BEGIN GIVEN DATA

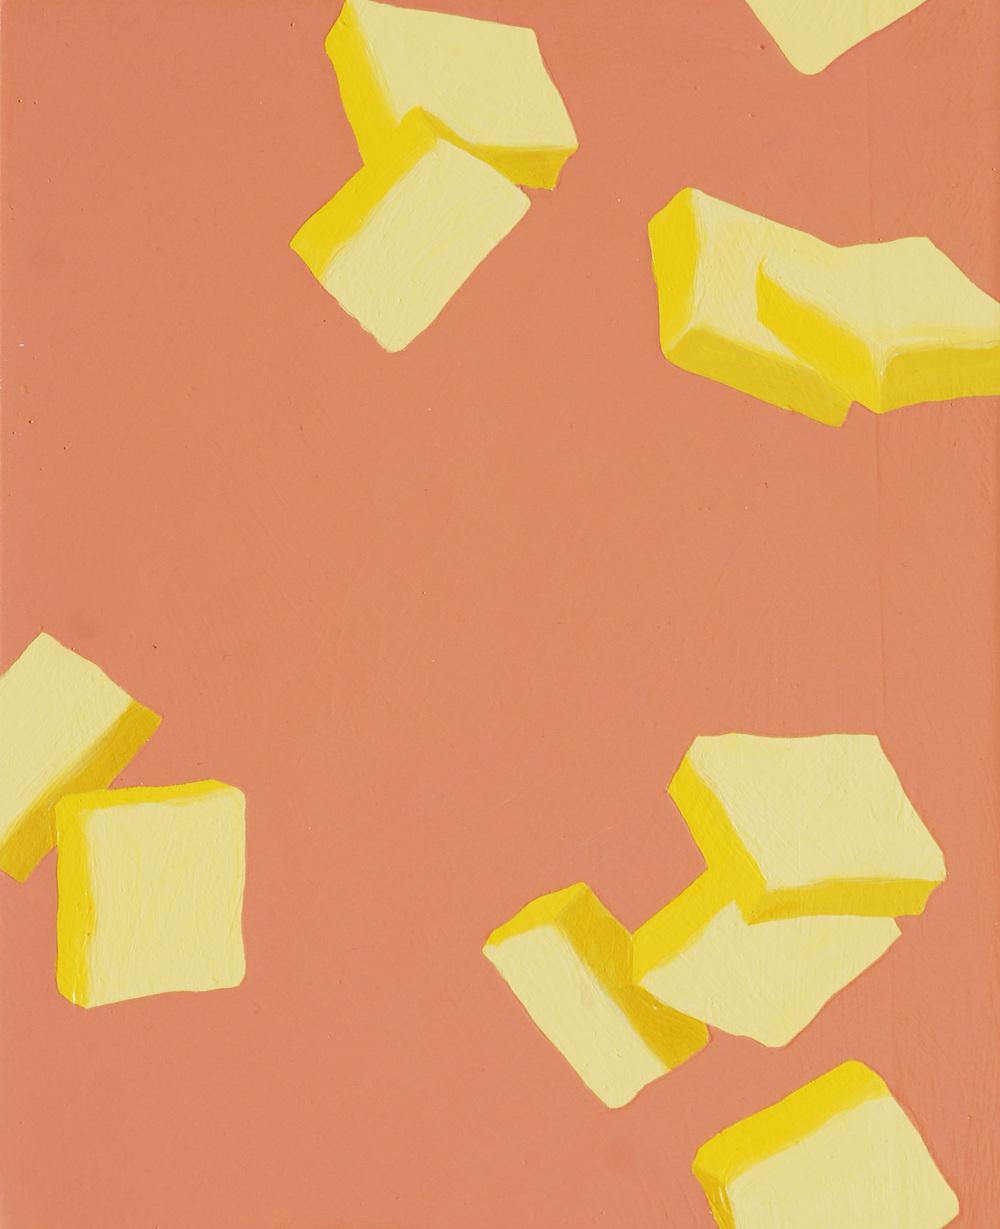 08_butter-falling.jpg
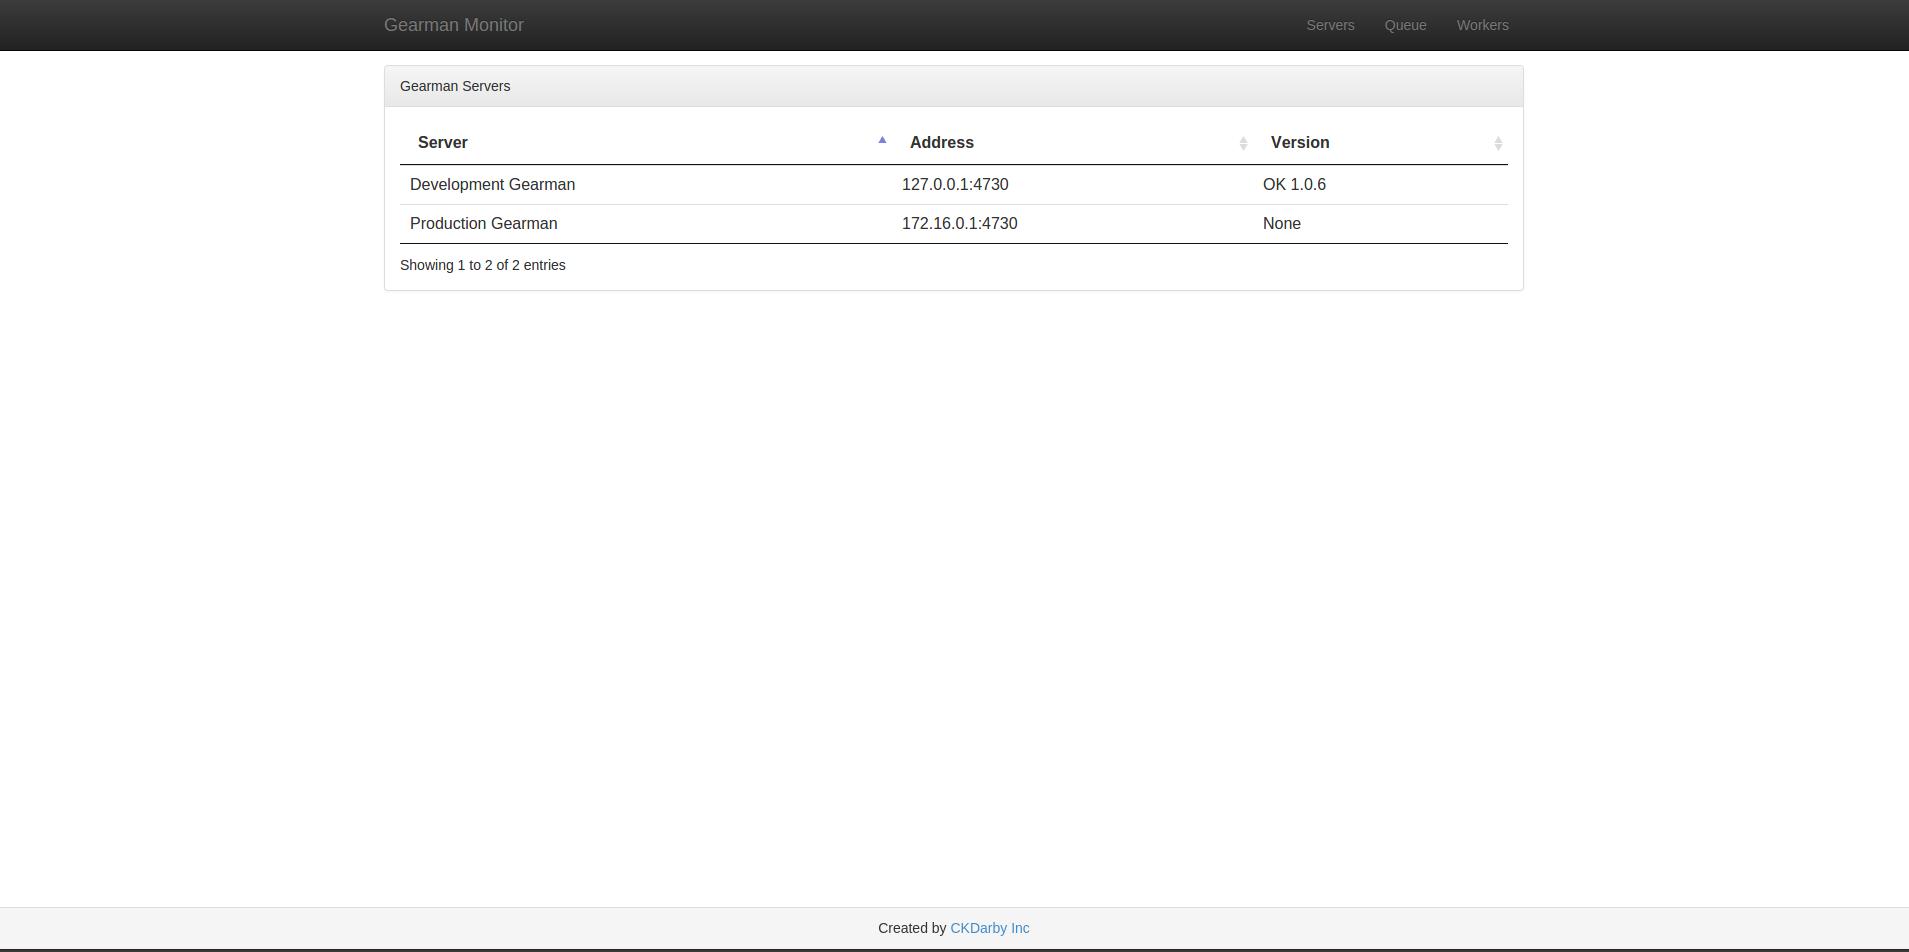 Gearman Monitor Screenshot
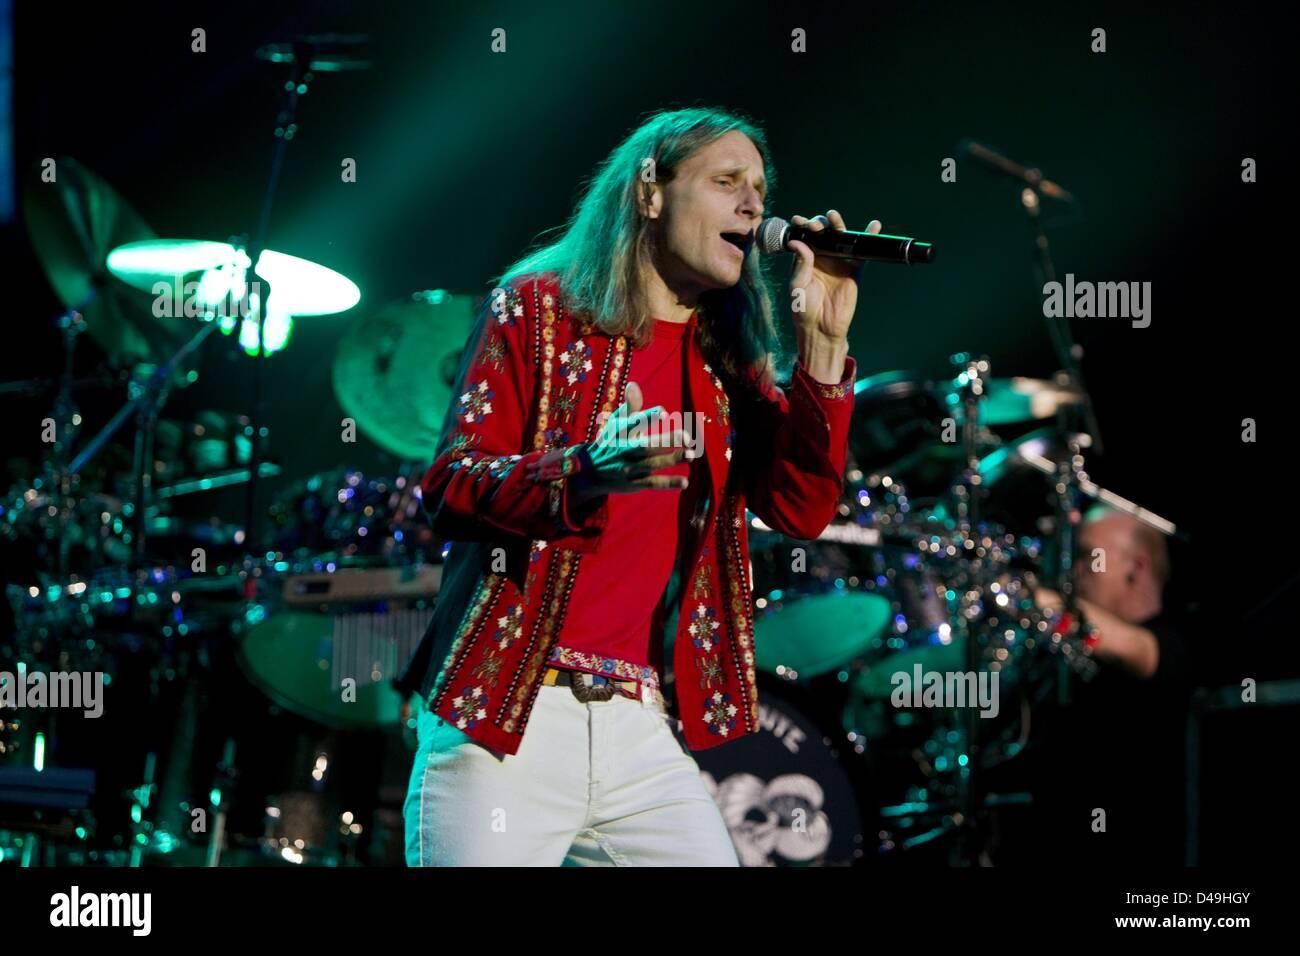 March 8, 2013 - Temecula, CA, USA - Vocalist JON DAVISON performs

END GIVEN DATA

> **THE PROBLEM**:
Reproduce the material word for word. Any pictures should be left out of the copy.

> **RESPONSE BOX**:
 08_butter-falling.jpg
 Gearman Monitor Screenshot
 March 8, 2013 - Temecula, CA, USA - Vocalist JON DAVISON performs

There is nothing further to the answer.